Charles de Foucauld is someone many have probably not heard of before. He started out in life in France as an orphan who was raised by his grandfather, a military officer. What else could a military officer, now child guardian, do but send his grandson to military academy? Through the military and service in the Middle East, he was well known as a carouser/entertainer and became well acquainted with Muslims and Jews. When his grandfather died, he was left a hefty inheritance that he spent lavishly on extravagance.

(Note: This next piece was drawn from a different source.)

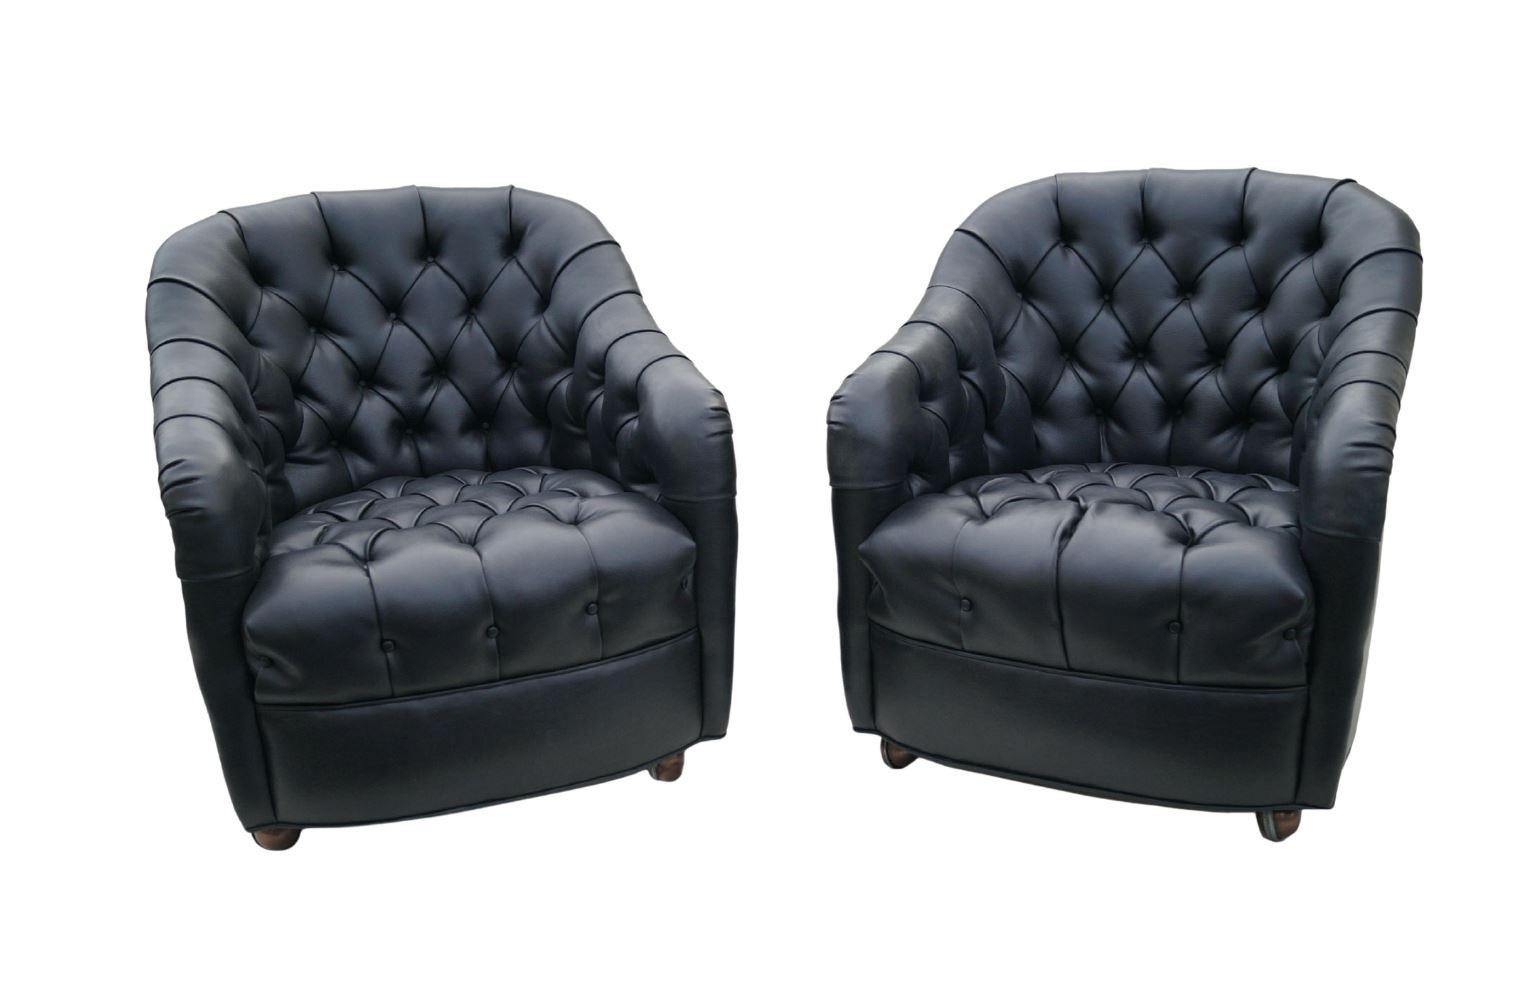 Pair of Black Mid-Century Modern Ward Bennett Style Tufted Lounge Chairs Casters In Good Condition For Sale In Wayne, NJ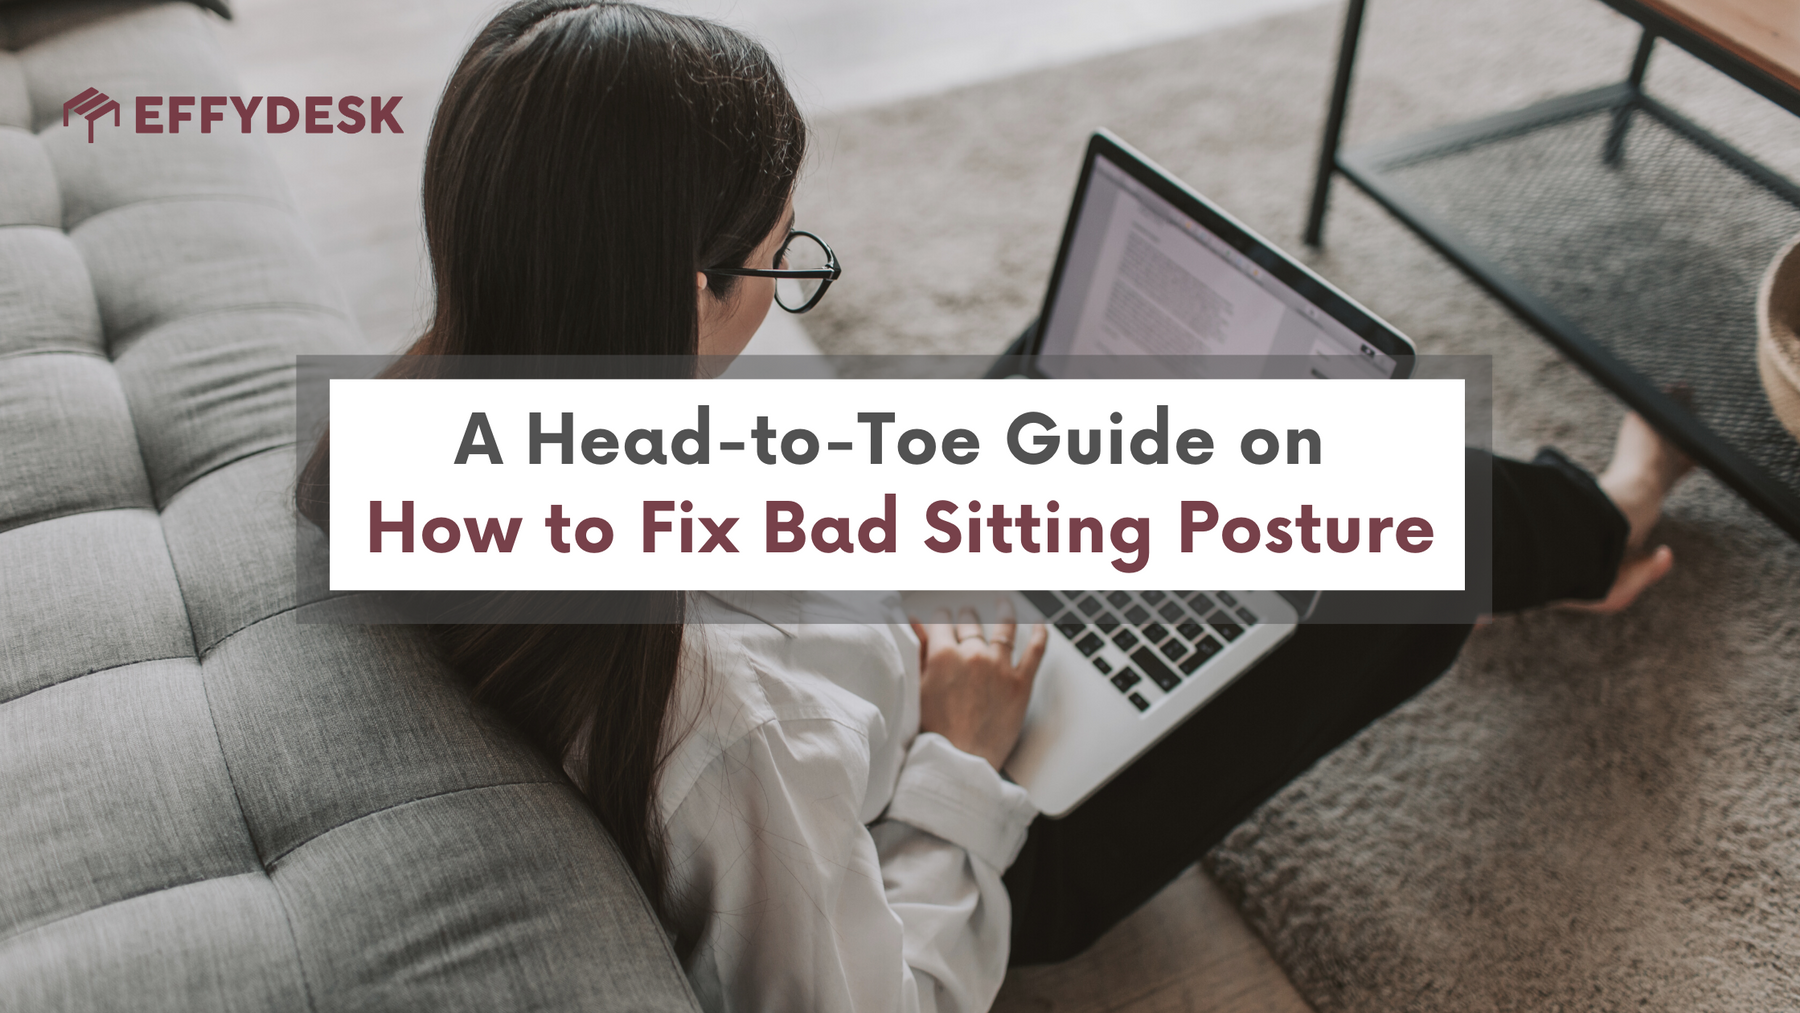 A Head-to-Toe Guide on How to Fix Bad Sitting Posture while you are working

Resigning his commission as an officer, he chose to become a geographer in Algiers but because a Frenchman would have been killed on the spot he adopted an identity as a Jew.  He is credited with mapping Algeria. While rubbing elbows with those living the Muslim faith, Charles' spirit drew him back to France where he recaptured his Catholic faith. He renounced all his wealth and lived for a while near a convent of Poor Clare who influenced him into pursuing ordination as a priest. He was ordained and for a while belonged to the Trappist order but desiring greater nearness to God he left them and began his hermitage in Morocco.  As a hermit his sole goal was to be the most exemplary model of Jesus he could be.  He practiced love and kindness to everyone.  But on December 1, 1916, Nomadic Bedouins took him captive and in an altercation to free him he was assassinated. His meditations and fine example still sprinkle Christendom with wise spirituality. Pope Francis canonized him in 2020 and he will become a saint in 2022.  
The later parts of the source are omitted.